Exercise data ▸
= Beginning of Section =

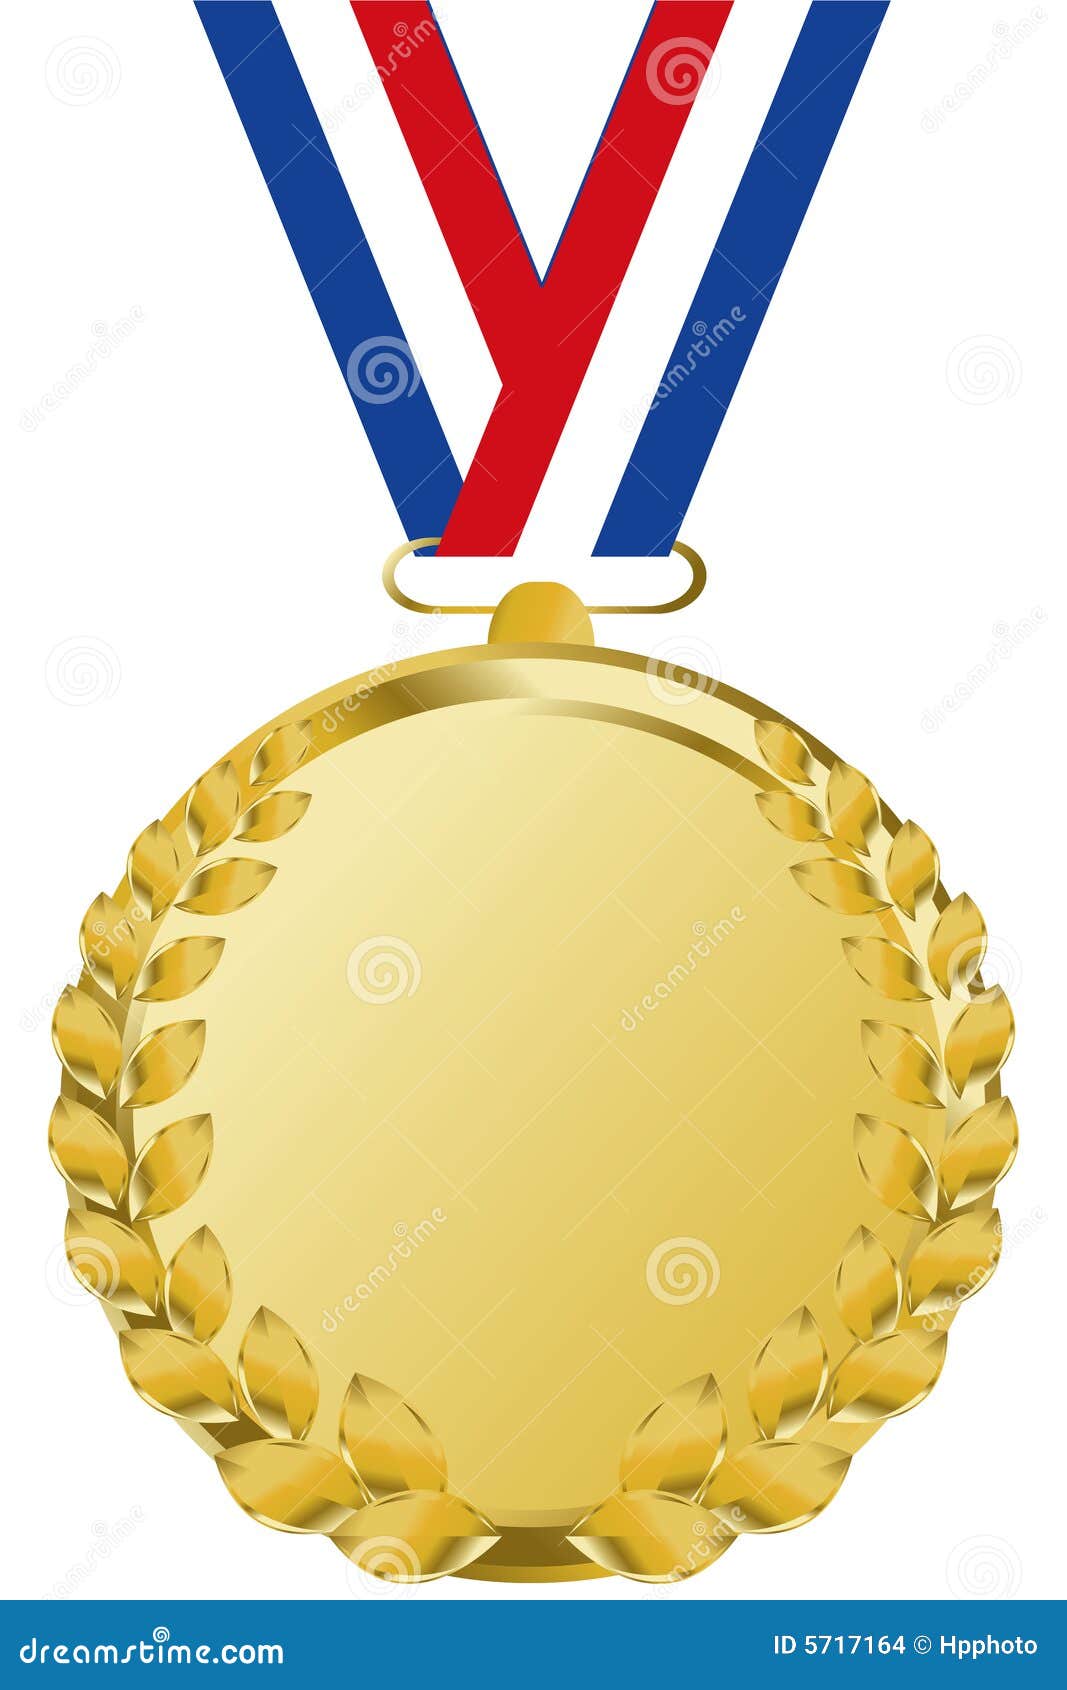 clipart of gold medals - photo #40
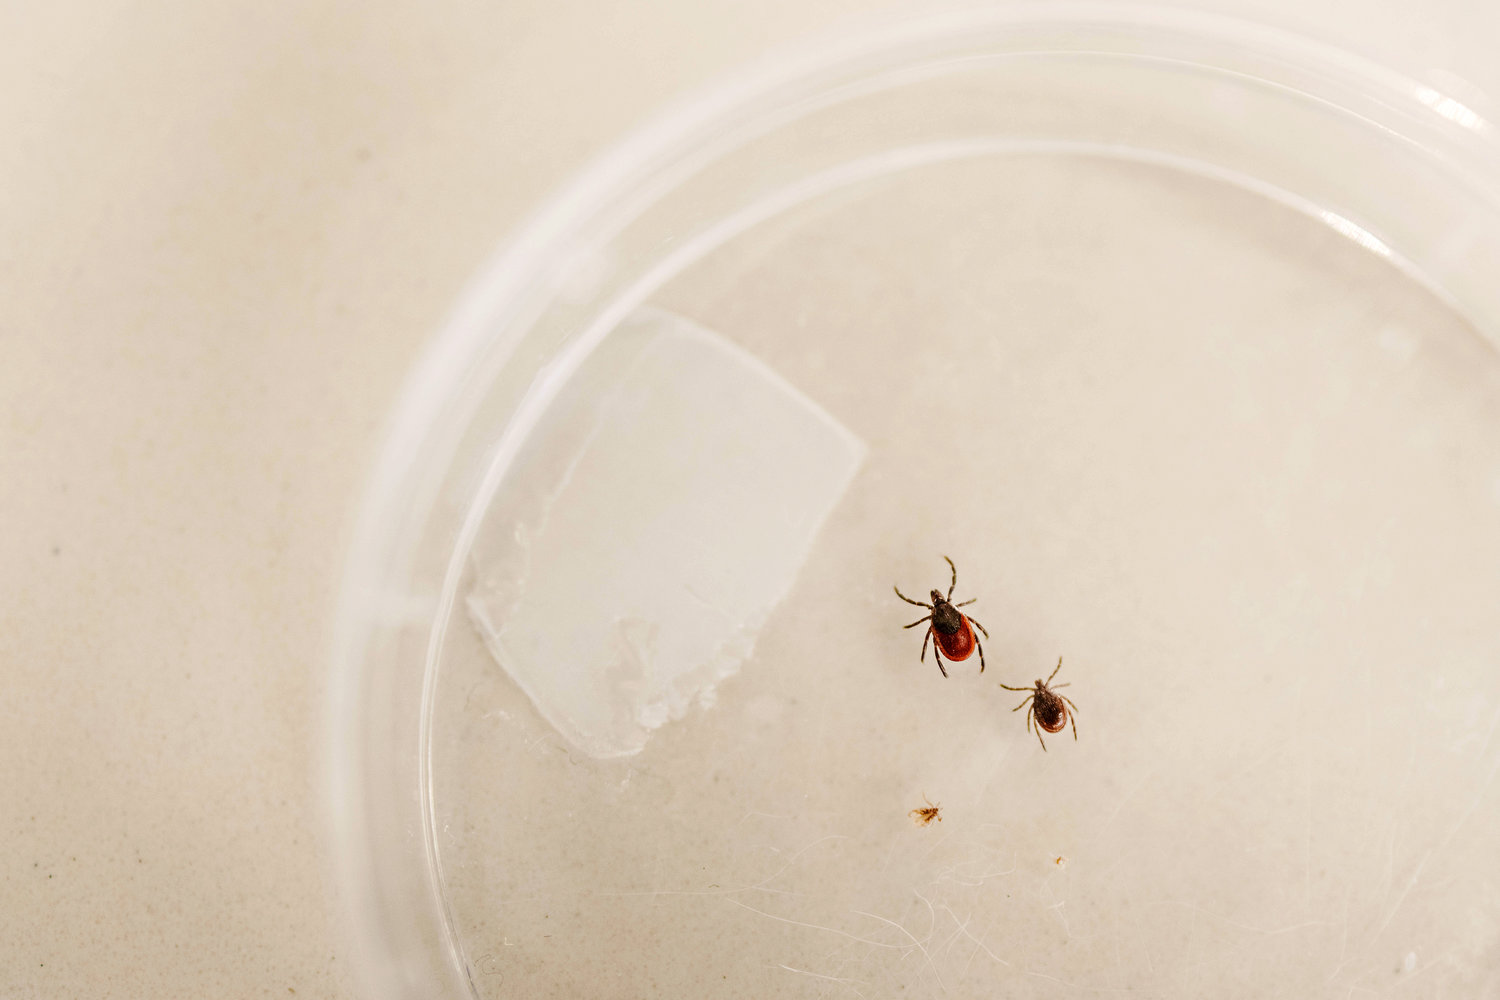 At the Connecticut Agricultural Experiment Station in New Haven, Dr. Goudarz Molaei and his team study and research ticks brought in from the public. The tick on the left is a female adult deer tick. The tick on the right is a dog tick. Tony Spinelli/Connecticut Public
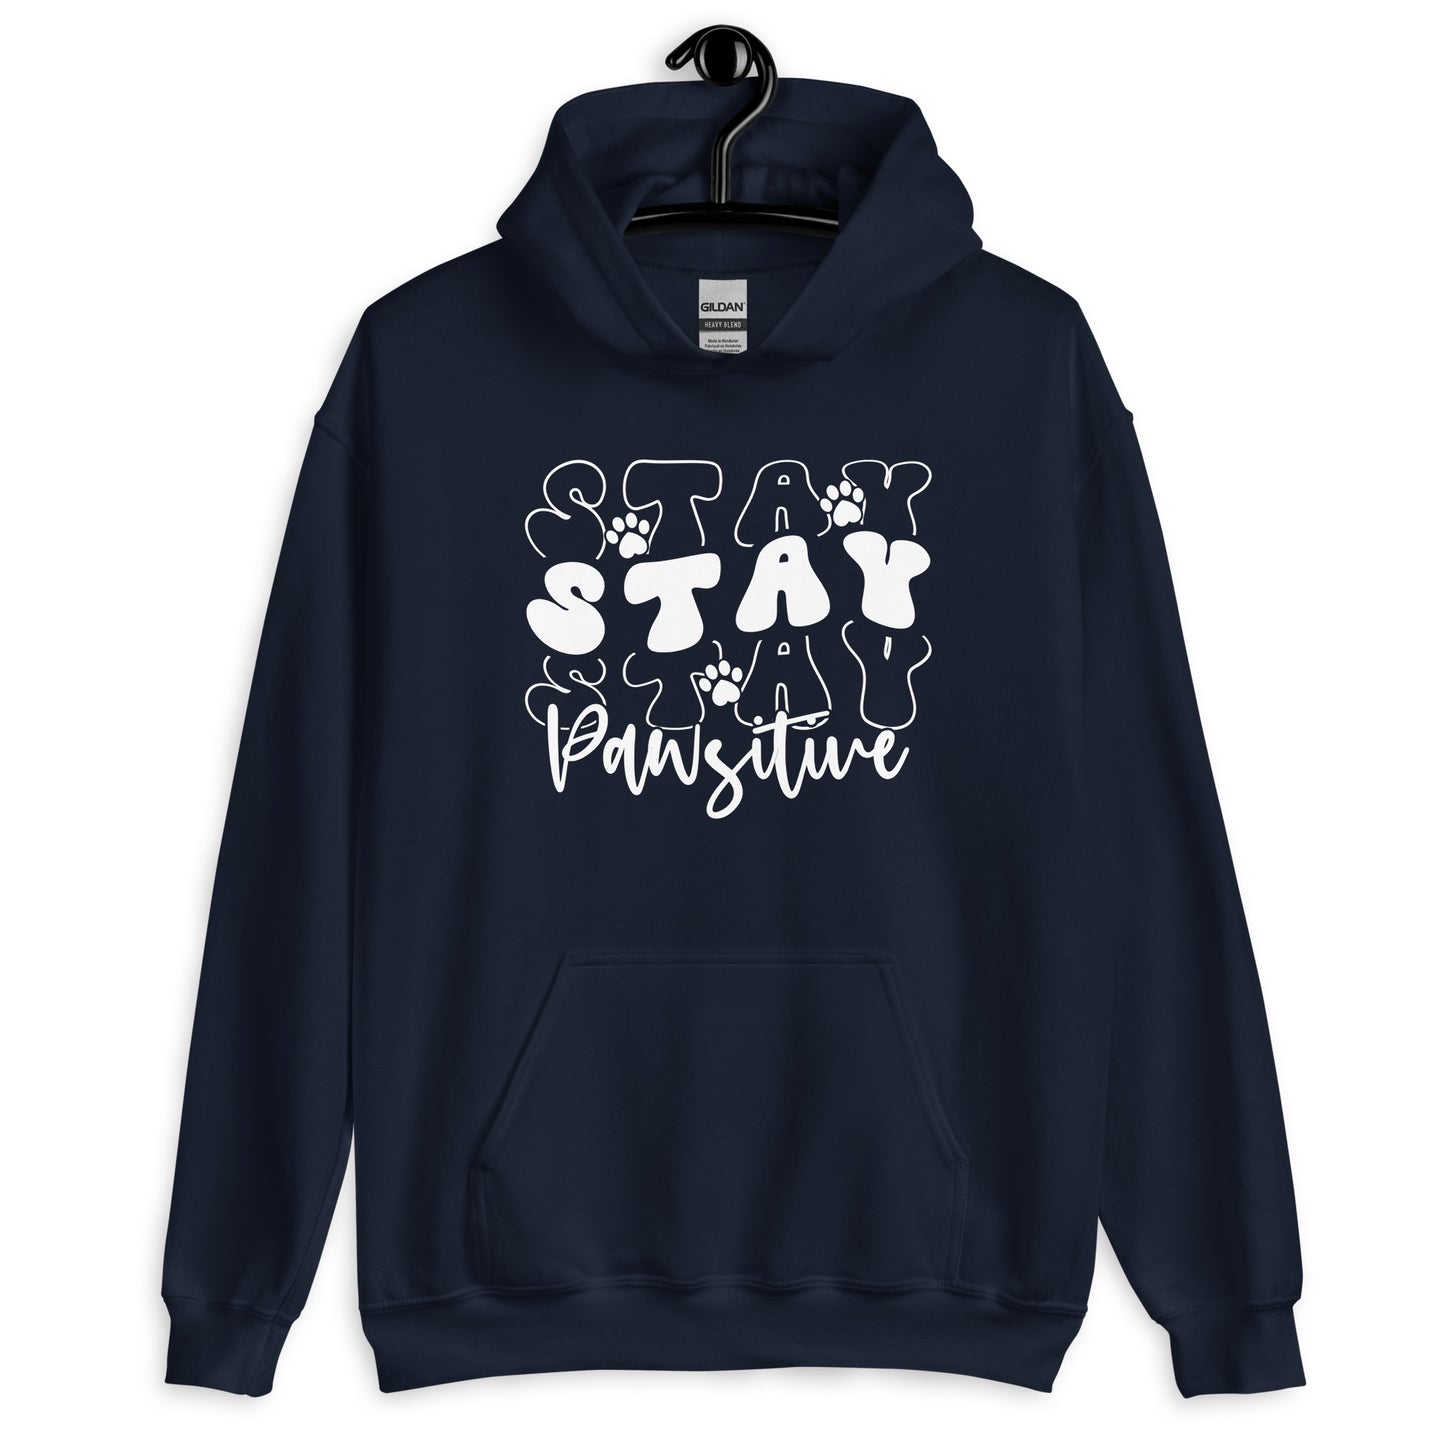 Stay Stay Stay Pawsitive Hoodie
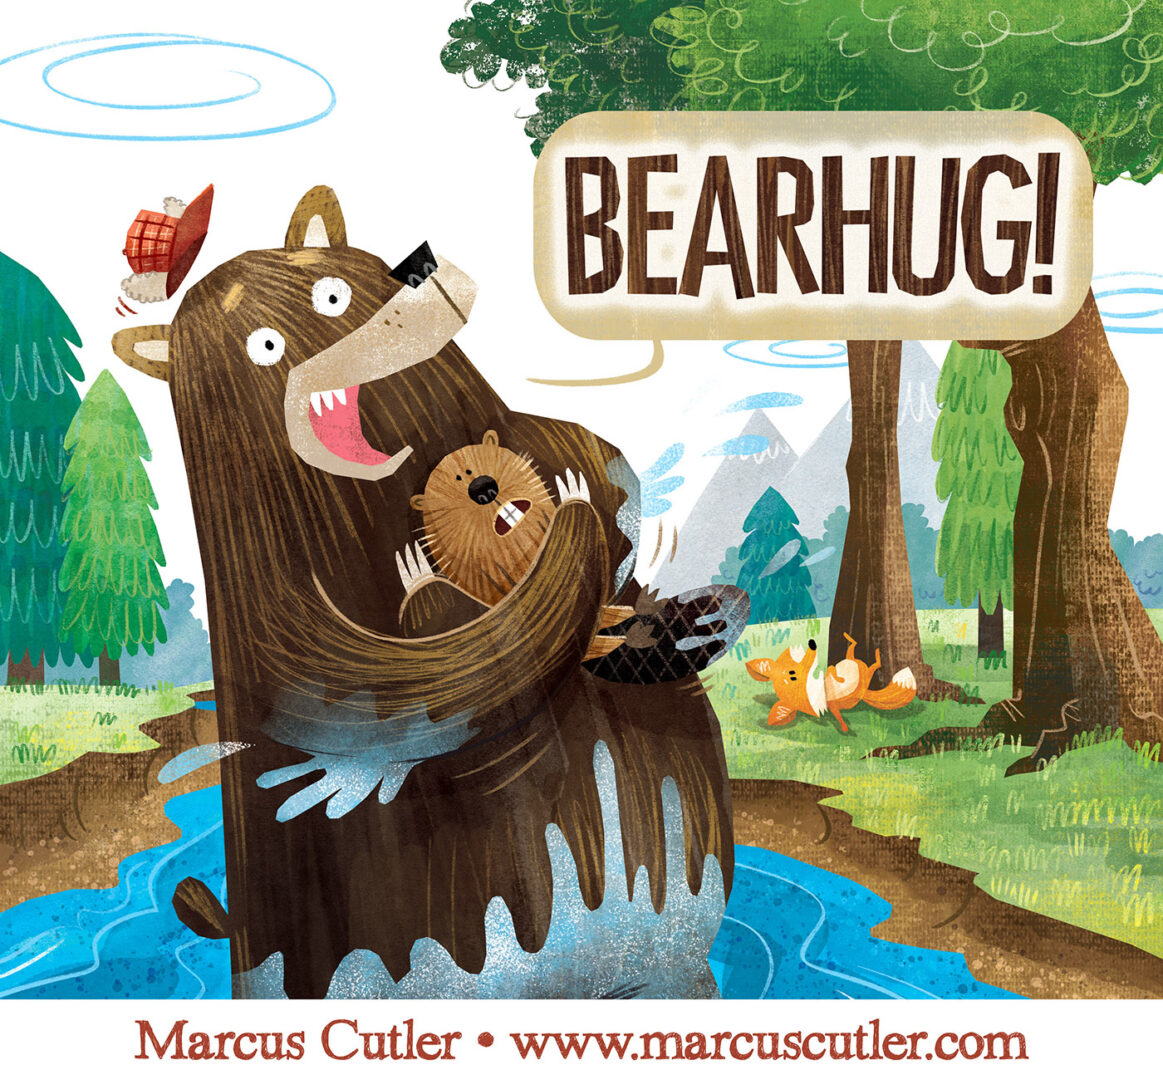 Bearhug! Personal work by artist @MarcusCutler 🐻 See more of their art at hireillo.com/marcus-cutler/ #Art #ChildrensIllustration #Publishing

= End of Section =

Assignment ▸
Retype all of the listing word for word and skip the pictures.

Answer for this exercise ▸
 clipart of gold medals - photo #40
 At the Connecticut Agricultural Experiment Station in New Haven, Dr. Goudarz Molaei and his team study and research ticks brought in from the public. The tick on the left is a female adult deer tick. The tick on the right is a dog tick. Tony Spinelli/Connecticut Public
 Stay Stay Stay Pawsitive Hoodie
 Bearhug! Personal work by artist @MarcusCutler 🐻 See more of their art at hireillo.com/marcus-cutler/ #Art #ChildrensIllustration #Publishing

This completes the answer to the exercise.